:: PROBLEM REQUIREMENTS ::
Beginning with the first line, return the material verbatim and without pictures.
** Opening DATASET SECTION block **
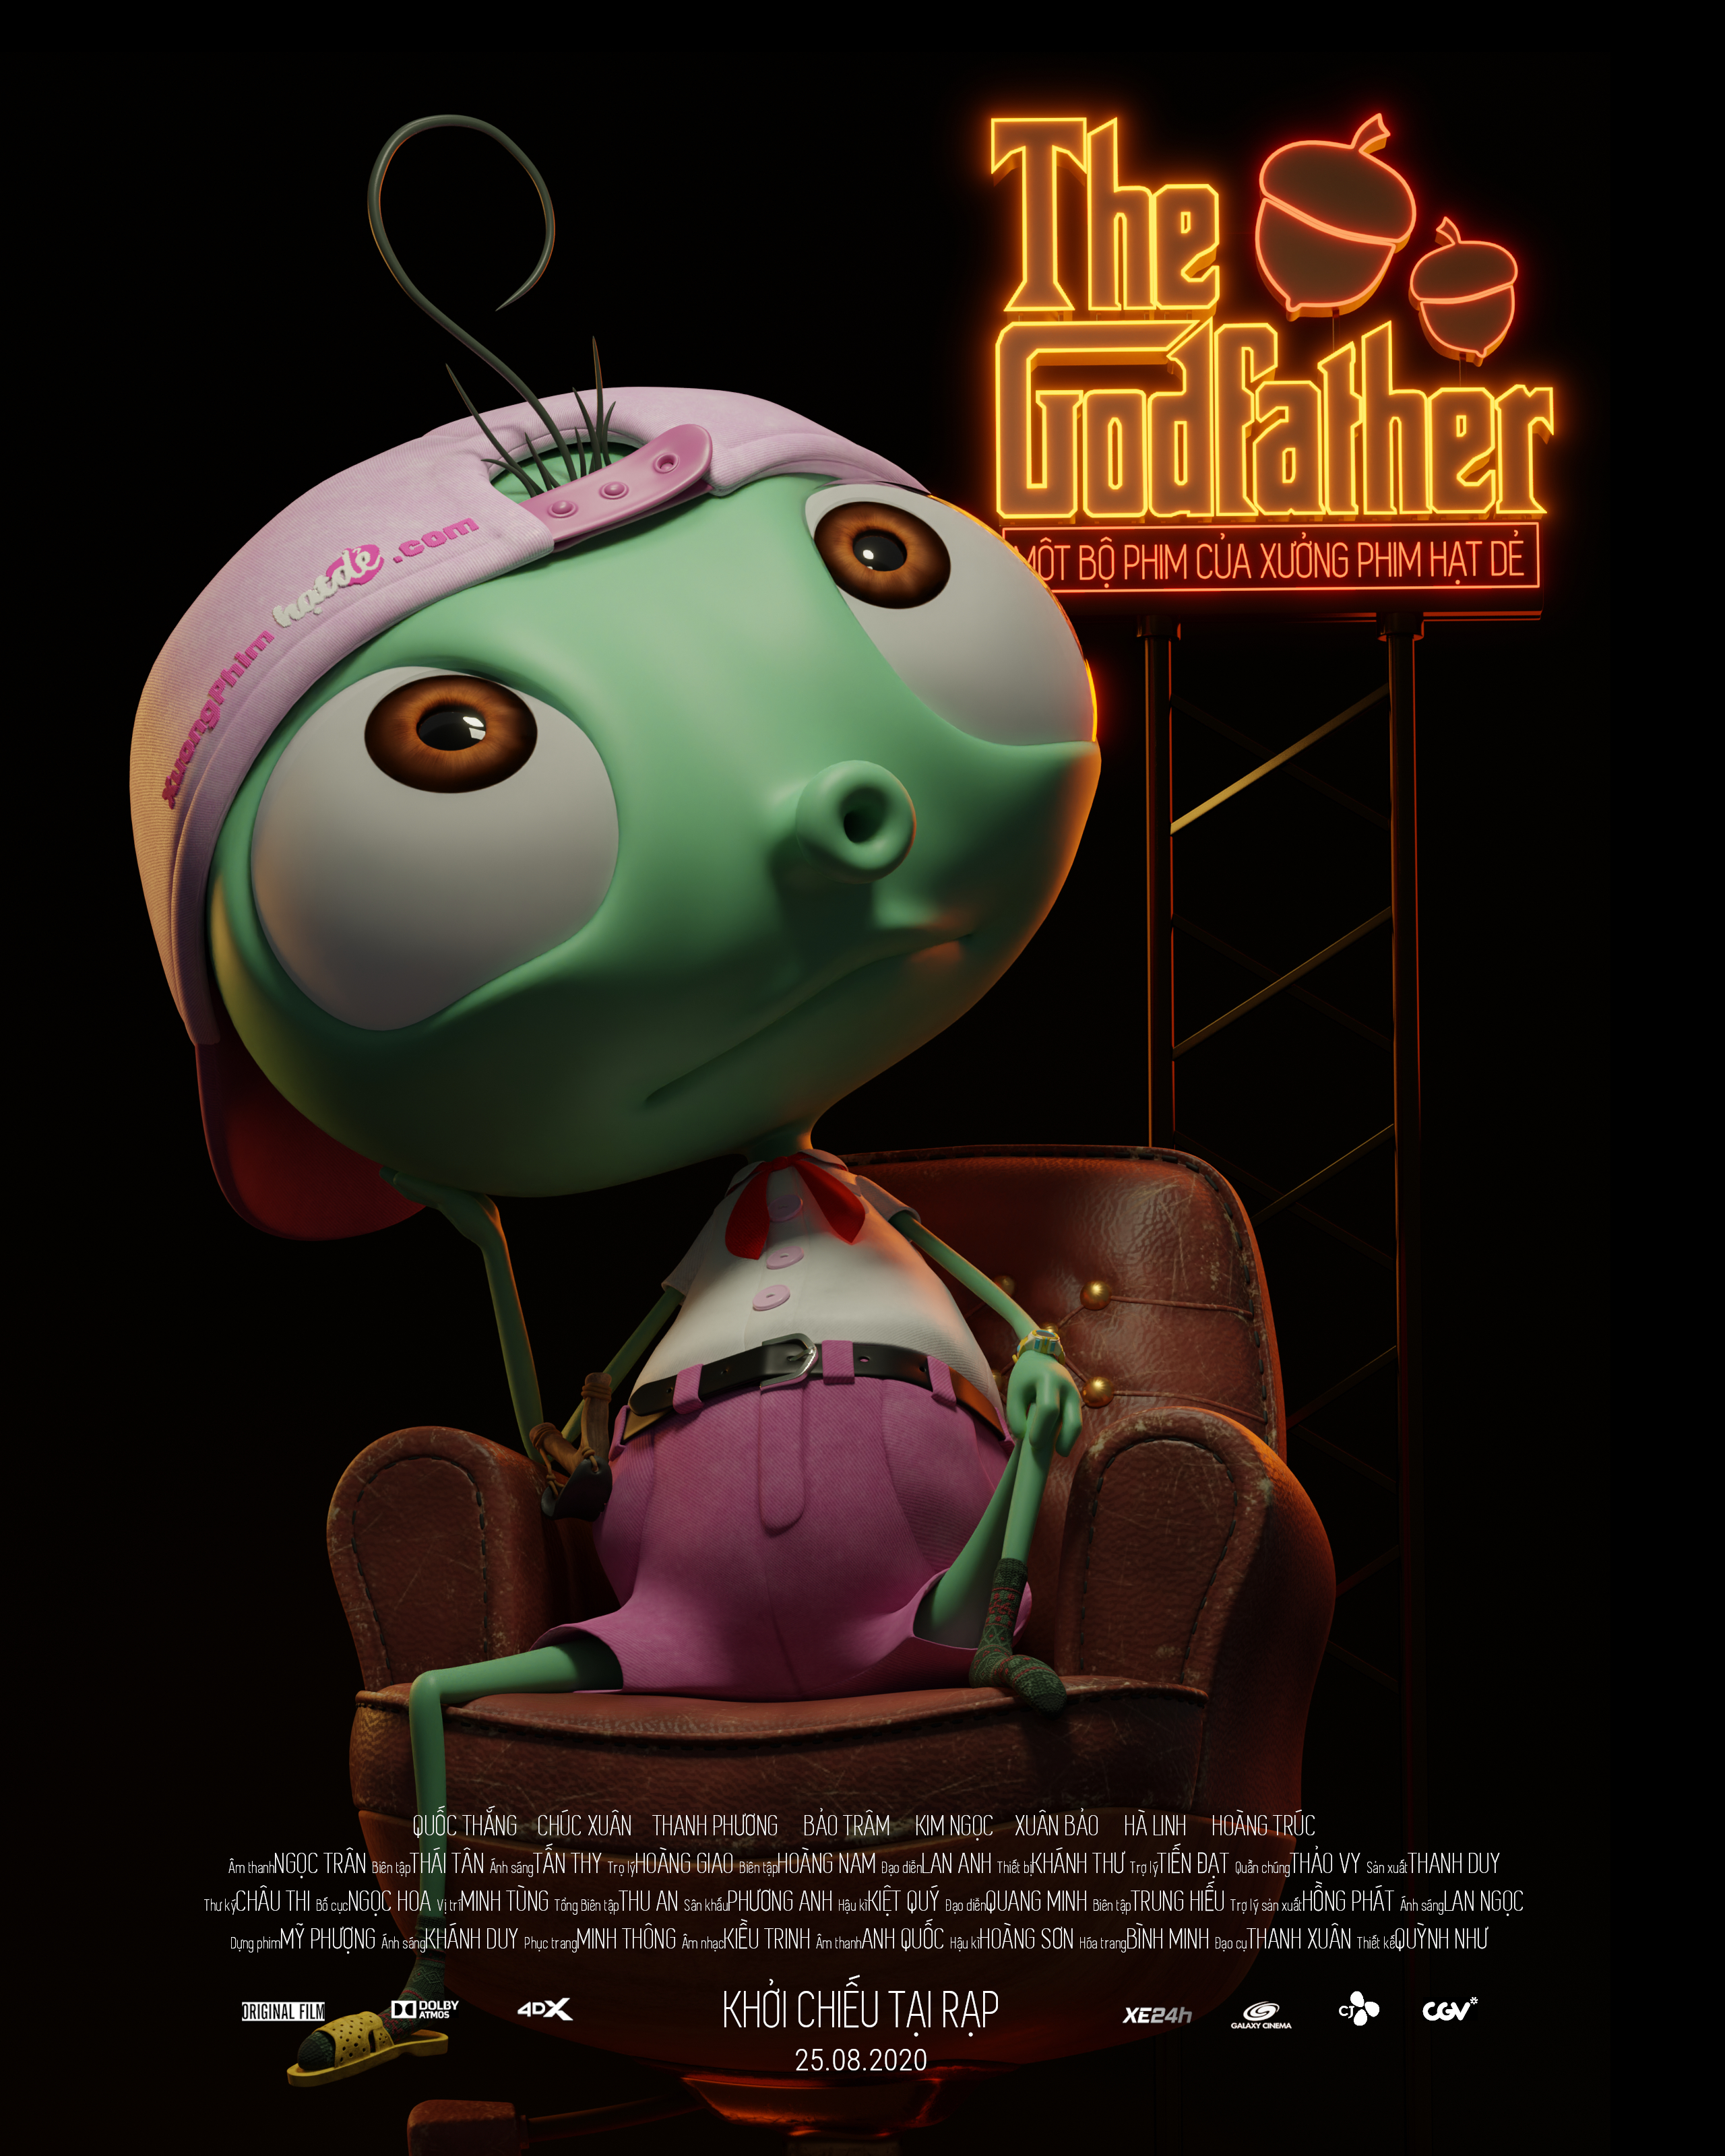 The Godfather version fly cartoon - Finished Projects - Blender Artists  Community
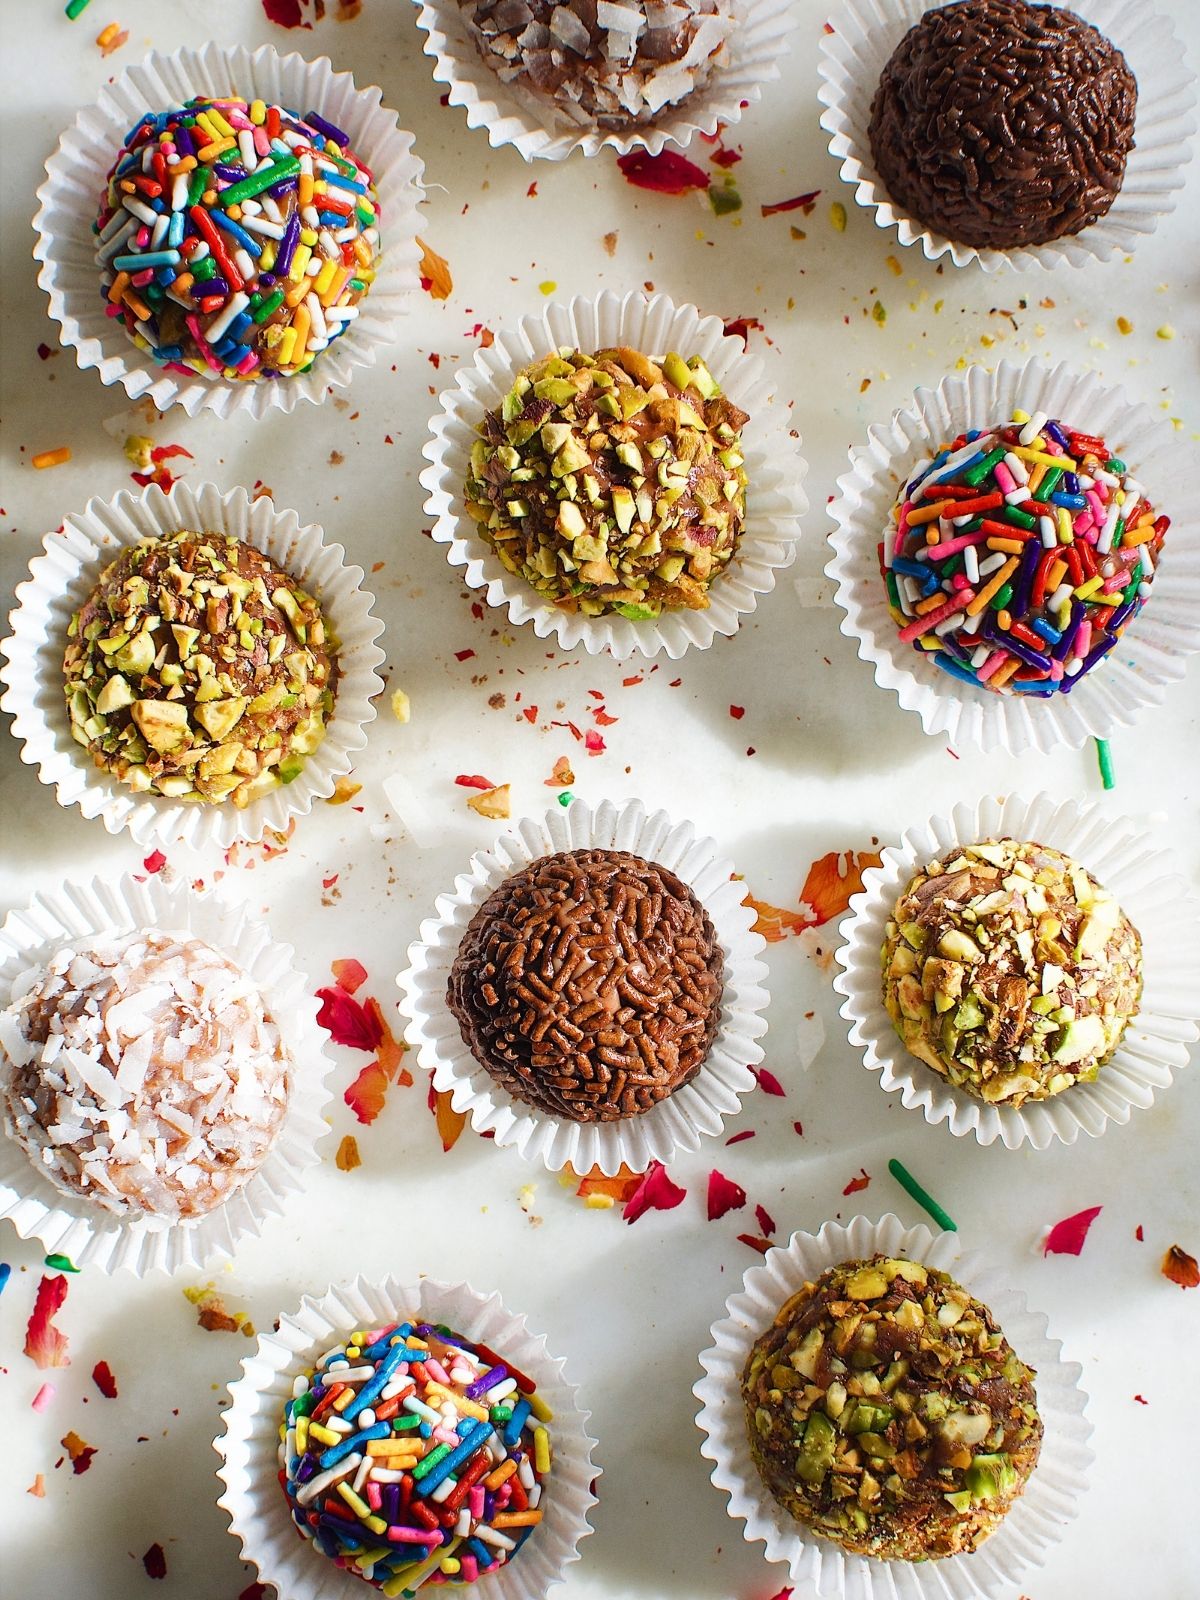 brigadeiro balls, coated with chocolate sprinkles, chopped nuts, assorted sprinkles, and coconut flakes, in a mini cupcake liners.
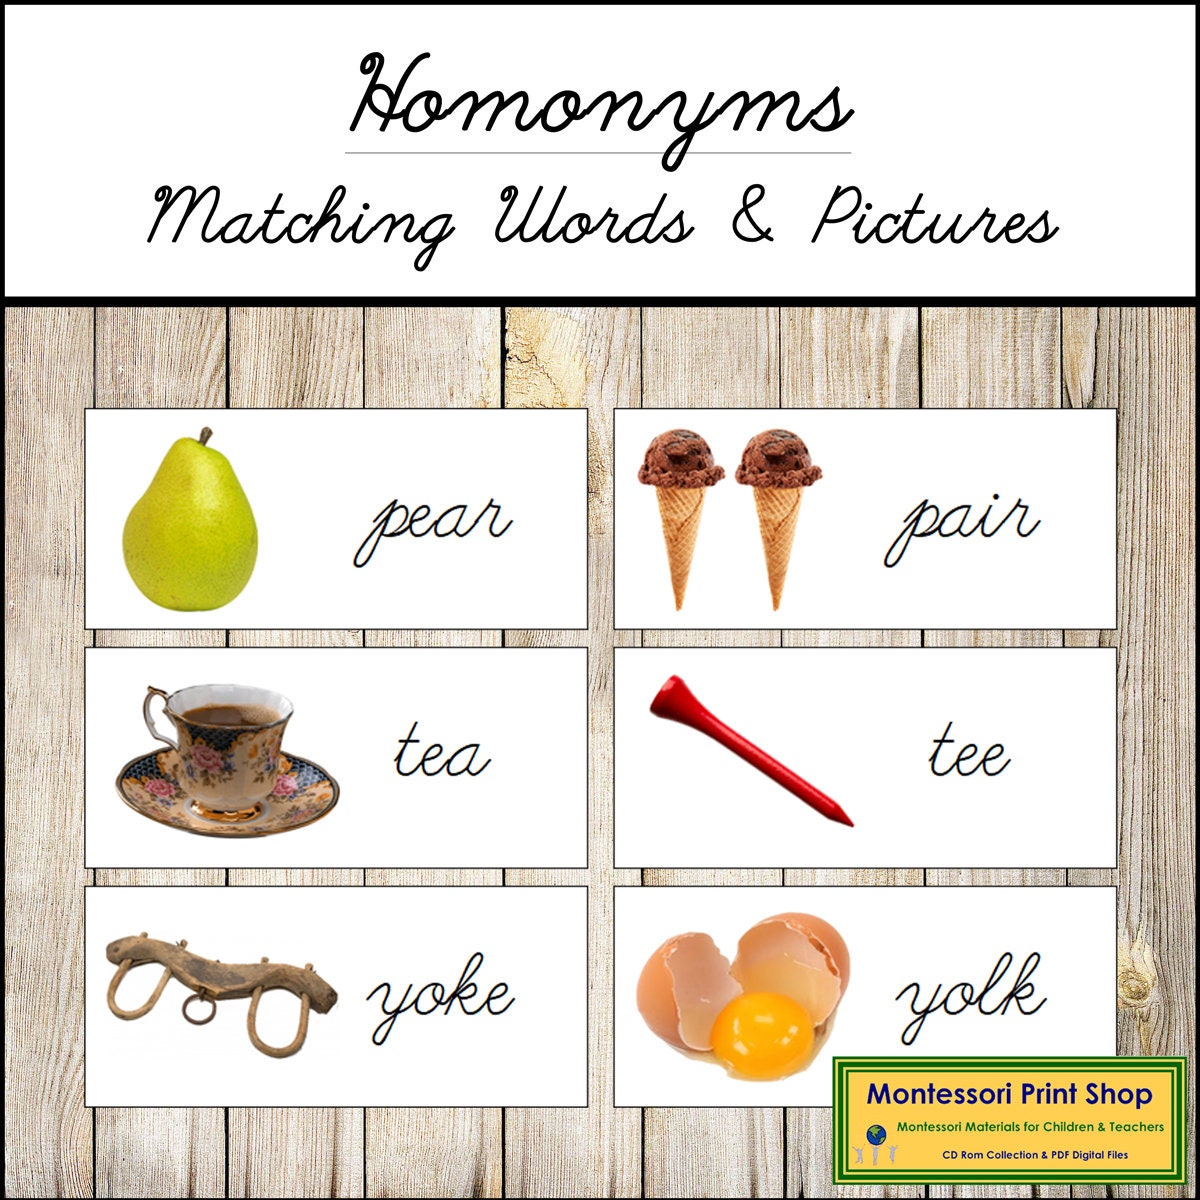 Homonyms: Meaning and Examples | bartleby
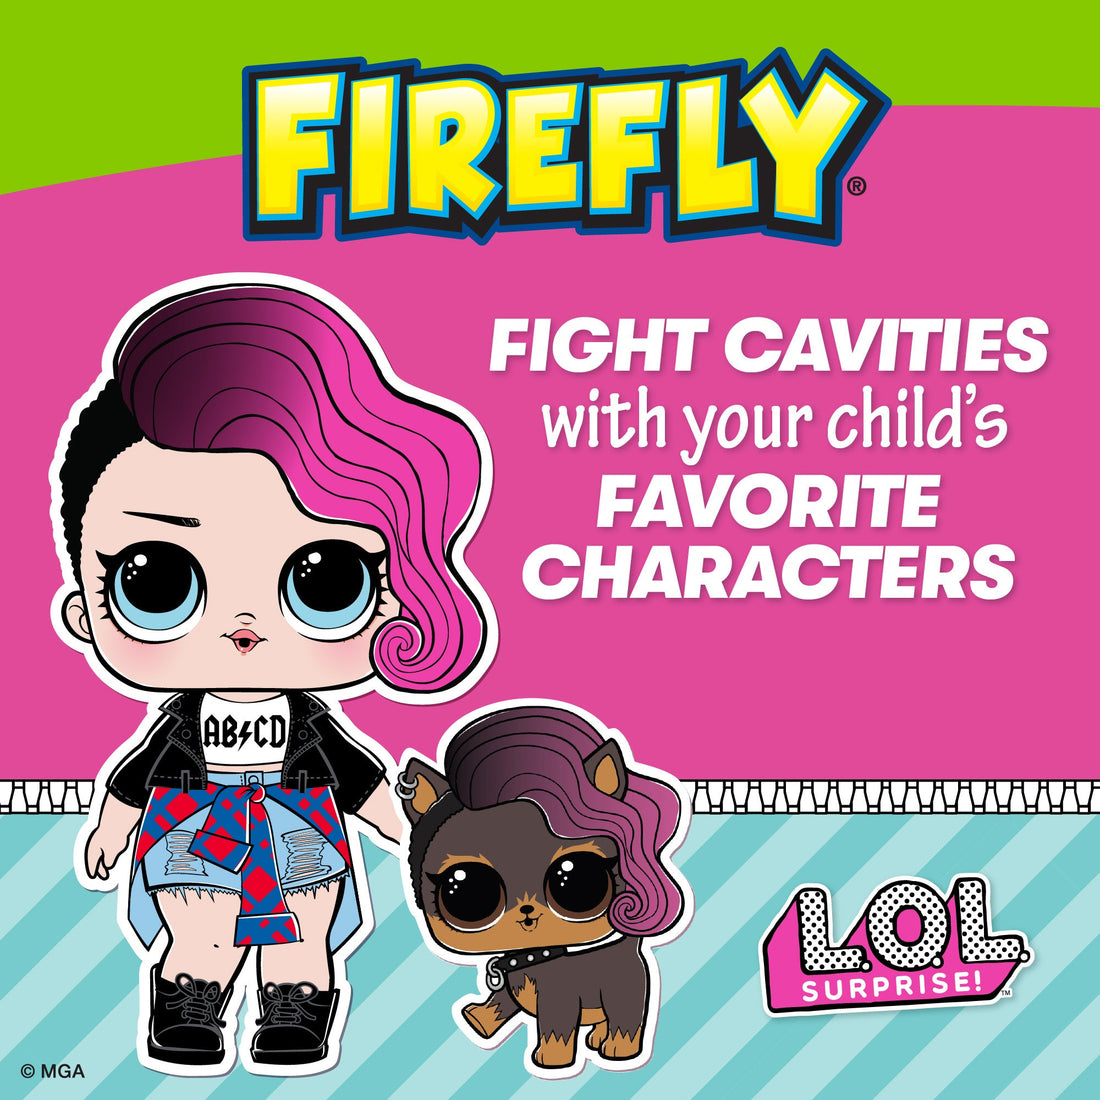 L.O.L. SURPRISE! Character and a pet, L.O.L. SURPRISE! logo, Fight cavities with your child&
** Closing DATASET SECTION block **
:: TASK OUTPUT ::
 The Godfather version fly cartoon - Finished Projects - Blender Artists  Community
 brigadeiro balls, coated with chocolate sprinkles, chopped nuts, assorted sprinkles, and coconut flakes, in a mini cupcake liners.
 Homonyms: Meaning and Examples | bartleby
 L.O.L. SURPRISE! Character and a pet, L.O.L. SURPRISE! logo, Fight cavities with your child&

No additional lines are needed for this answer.